Monday 25 May 2015

INTERVIEW: TAMARA JONES: PART ONE

Tamara Jones. A name many of you may not be familiar with. To be perfectly honest neither was I until Tamara contacted me to see if I would be interested in a review copy of her new book due out next week, Spore.

One thing I have taken out of this contact I have had with Tamara, and reading Spore is that I intend to rectify that and I will be looking out for anything else she writes in the future.

She is a lovely person who has been only too happy to put up with my questions/demands throughout this interview and has provided a very candid insight into her world of writing and her life in general.

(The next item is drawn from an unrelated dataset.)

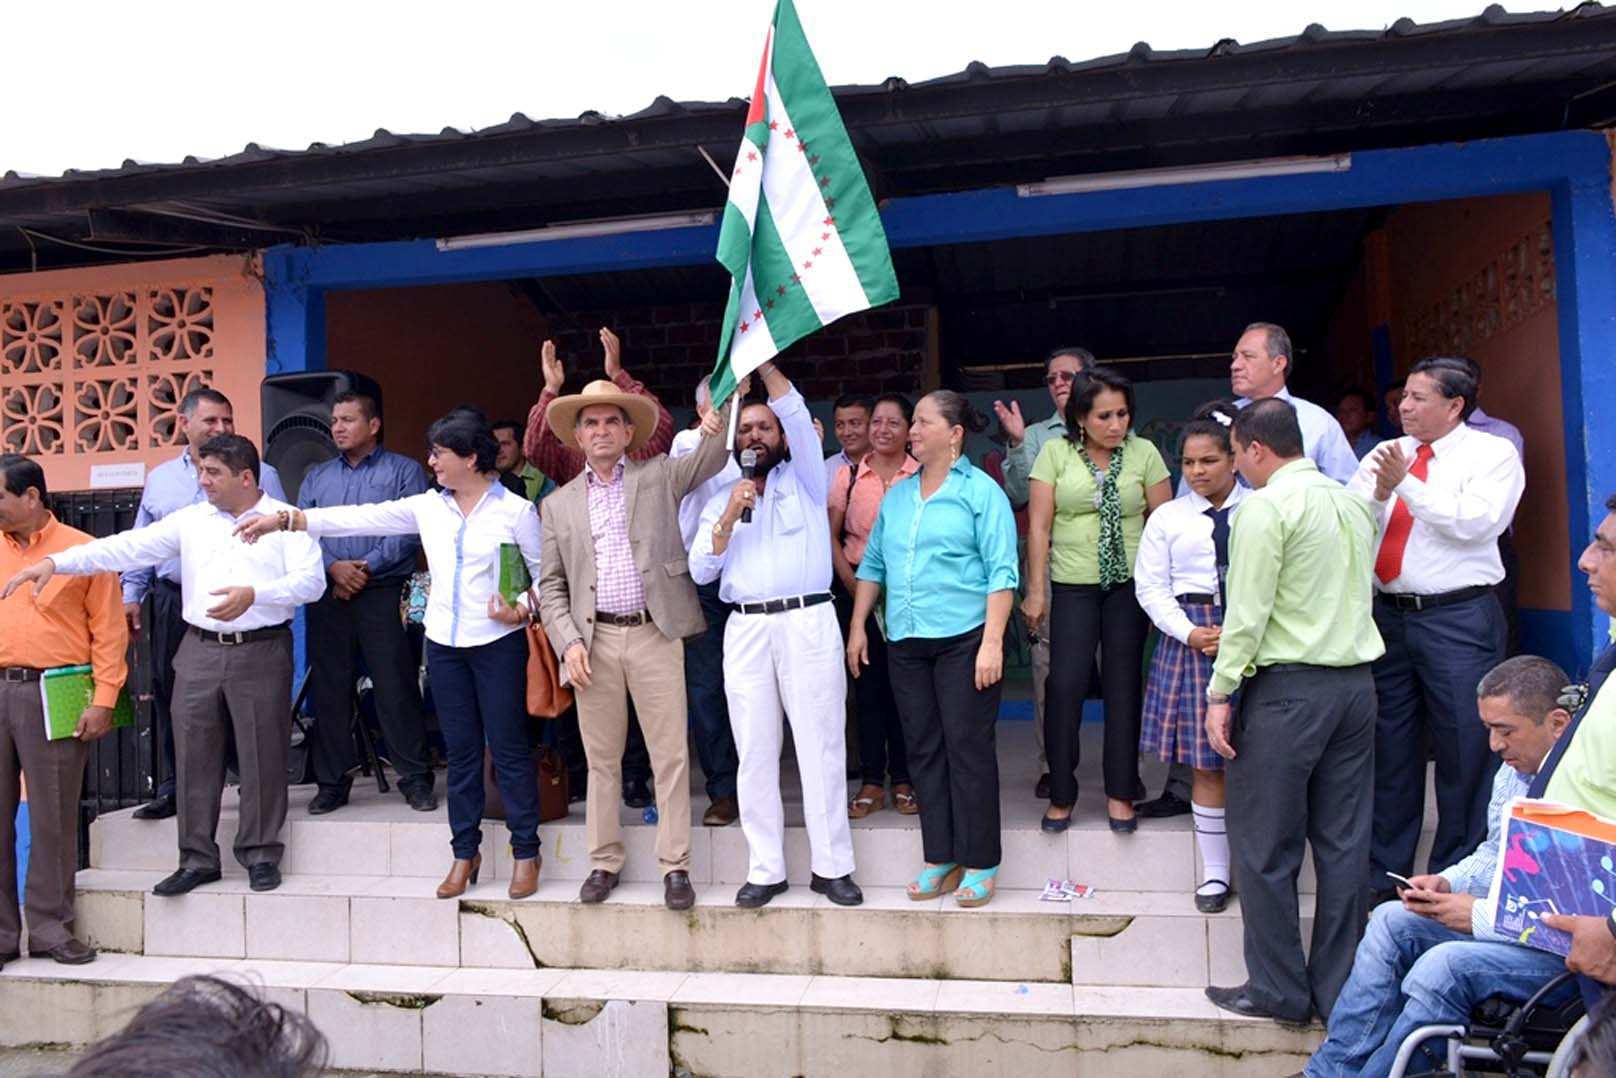 Clara Zambrano, viceprefecta, Mariano Zambrano, prefecto de Manabí y Hugo Cruz, alcalde de El Carmen, flamean bandera en El Paraiso la 14

We ended up with so much content that I have decided to split the interview over two nights. In Part One tonight, Tamara will be answering some general questions about her previous books and her life in general. Part Two tomorrow night will be all about Spore and of course The Ten Confessions.

Grab a beer and burger and enjoy!!





COAR - I quote "For a nice, Mid-West housewife, Jones is a sick lady. I mean that in the nicest way." Care to put the record straight and tell us all a bit about yourself?

TJ - I'm a delightfully married middle-aged housewife from Iowa, with one daughter, a granddaughter, too many pets and a very patient and supportive husband. I just happen to slaughter people on paper for money. By 'slaughter' I don't mean there's a body barely visible under a bush ala a cozy mystery. Nope, I eviscerate the bastards and fling entrails about. I also make quilts. A LOT of quilts.

I am fascinated by dichotomy, mostly because I live it every day.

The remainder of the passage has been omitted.